On the day Alexander was born, Philip was preparing a siege on the city of Potidea on the peninsula of Chalcidice. That same day, Philip received
news that his general Parmenion had defeated the combined Illyrian and Paeonian armies and that his horses had won at the Olympic Games. It was
also said that on this day, the Temple of Artemis in Ephesus, one of the Seven Wonders of the World, burnt down. This led Hegesias of Magnesia to
say that it had burnt down because Artemis was away, attending the birth of Alexander.[14] Such legends may have emerged when Alexander was king,
and possibly at his instigation, to show that he was superhuman and destined for greatness from conception. [12]

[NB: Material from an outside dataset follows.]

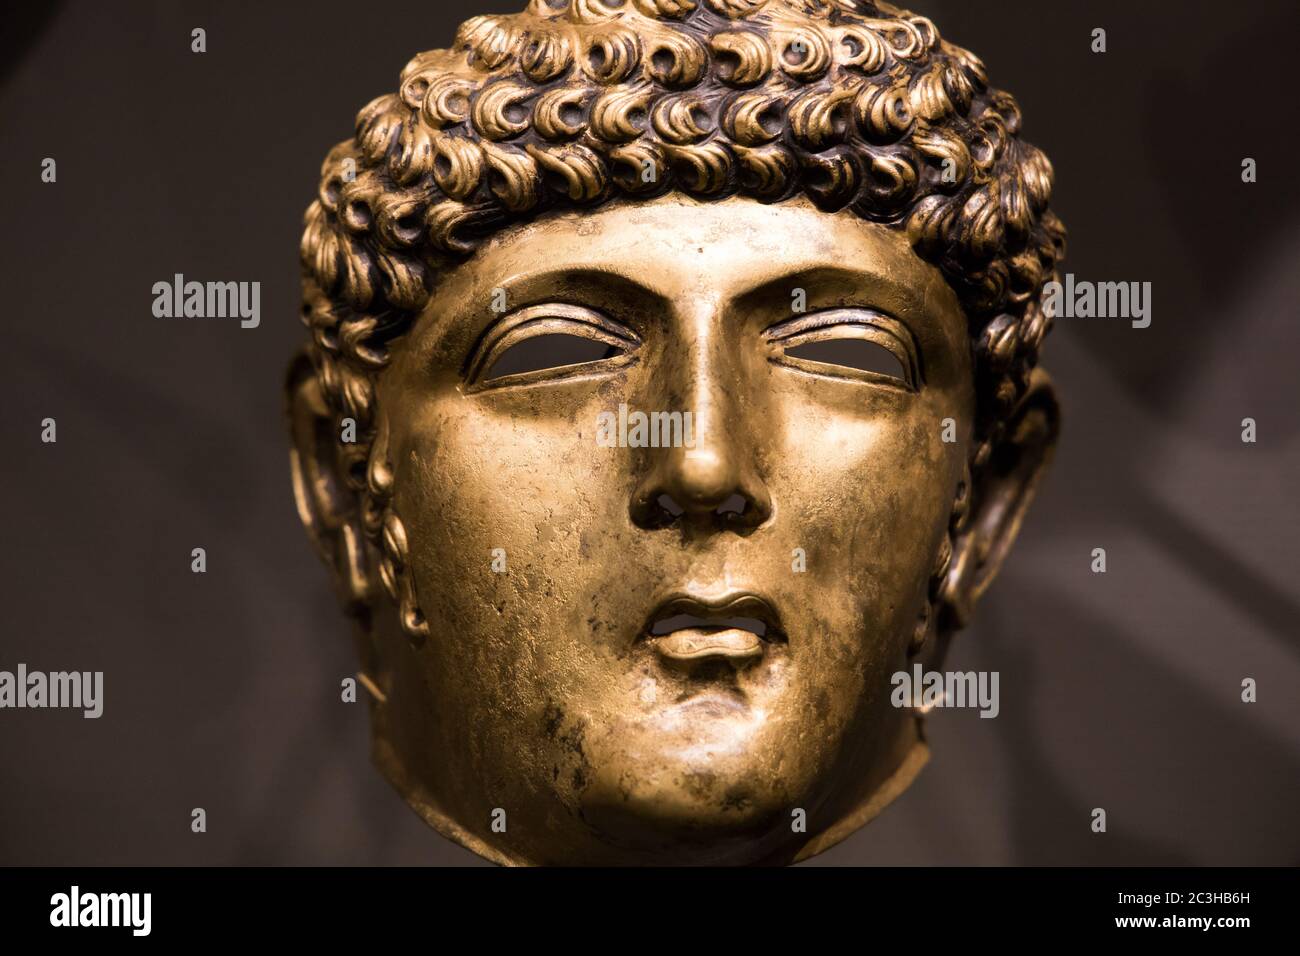 Leiden, Niederlande - 04. JAN 2020: Nahaufnahme einer bronzenen römischen Reitermaske aus der niederländischen Römerzeit (80-125 n. Chr.). Eine Gordon Maske. Stockfoto

In his early years, Alexander was raised by a nurse, Lanike, sister of Alexander's future general Cleitus the Black. Later in his childhood, Alexander
was tutored by the strict Leonidas, a relative of his mother, and by Lysimachus of Acarnania.[15] Alexander was raised in the manner of noble
Macedonian youths, learning to read, play the lyre, ride, fight, and hunt.[16]